Speak Like an Accountant

Being well-versed in the language of accounting speaks volumes about your seriousness for the profession. The more you learn through the course of your education, the more natural these terms will become.

Top 10 Terms for Technical Talks


A transaction is any financial activity – a payment, withdrawal, receipt or deposit – that is recorded in an accounting system (or ledger) and consequently has an impact on the bottom line.

General Ledger

The general ledger summarizes all of the individual ledgers that a company might keep. Individual ledgers might include travel, payroll, or sales – each of which will be made up of a series of transactions.


Current assets are assets that can easily be converted to cash, typically within a one-year period. These are known as liquid assets. Conversely, fixed assets include property, buildings, equipment, and any other assets that are not as easily liquidated.


Current liabilities are those that can be repaid within one year’s time. This would include short-term loans, invoices, paychecks, and regular expenses. Fixed liabilities are larger, longer-term expenses like mortgages, vehicle payments, corporate bonds, secured loans, and other major costs.


Equity is what is left over after you subtract business liabilities from business assets. Equity is also commonly referred to as net worth.


Depreciation is the loss in value of a fixed asset that is calculated over time. There are several methods for calculating depreciation, with the simplest being straight-line deprecation.


Variance is the difference between an estimated budget (expenses and income) over a set period of time and the actual financial results during that same period.

 Cash Flow Statement

A cash flow statement tracks all of sources of cash within a company, including inflow and outflow. There are several different kinds of cash flow statements for internal use, for creditors, and for reporting to investors.

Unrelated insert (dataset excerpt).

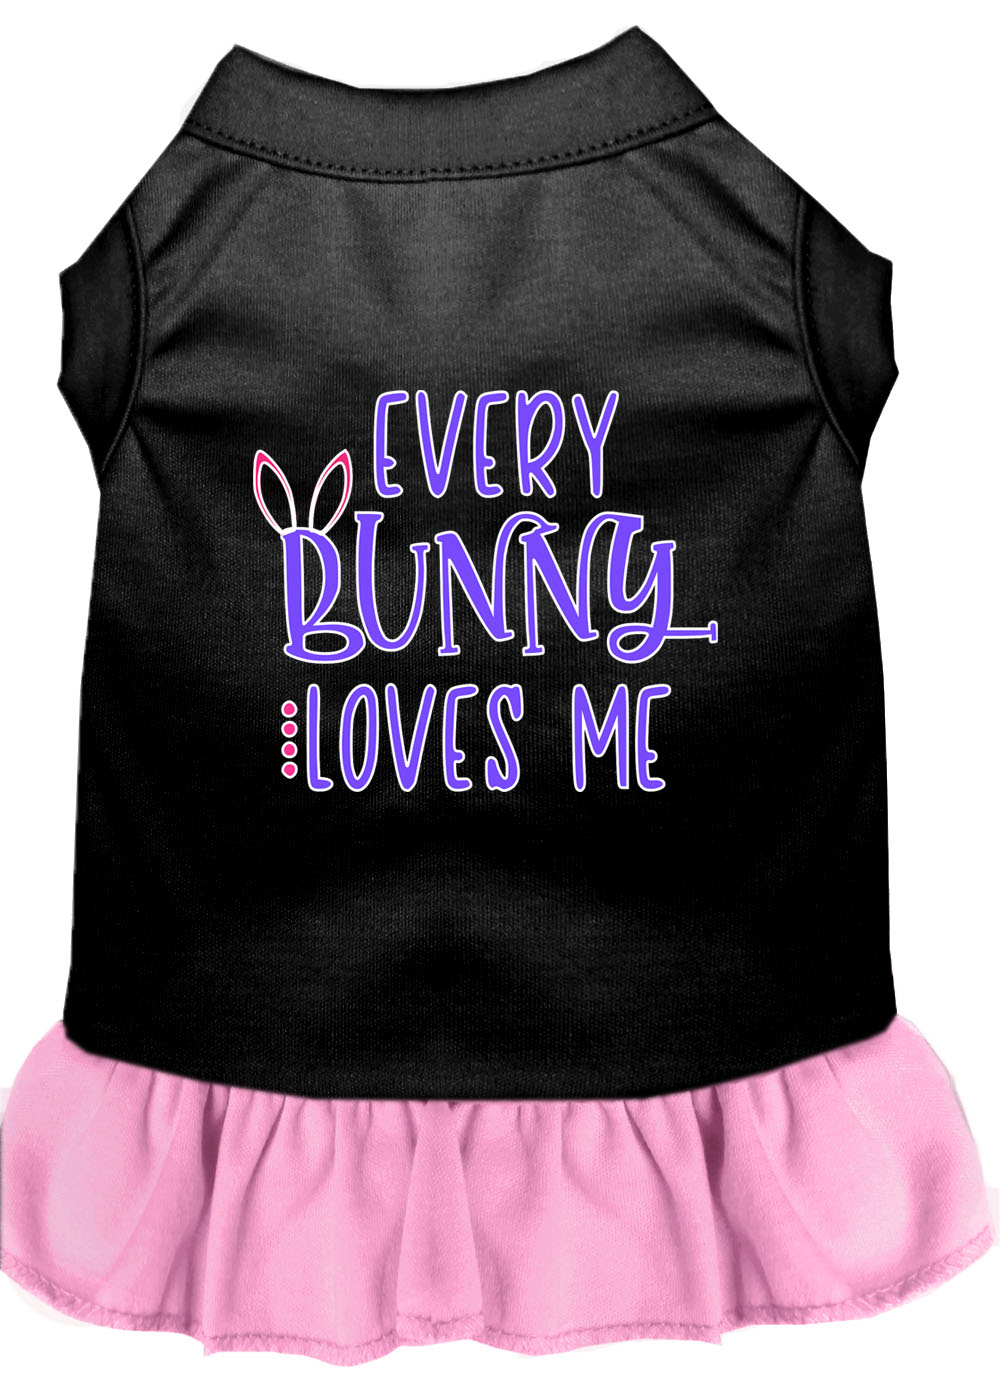 Every Bunny Loves me Screen Print Dog Dress Black with Light Pink Med

Forecasts can be for the short term or long term. Forecasts take a number of factors into consideration (such as cash, sales revenue, profit/loss, assets, liabilities and net worth) to predict financial outcomes with a fair degree of accuracy.

Return on Investment (ROI)

Return on investment is the number of net dollars earned per each dollar of invested monies. It is how investors and shareholders calculate their returns, as well as a method for determining the value of services rendered.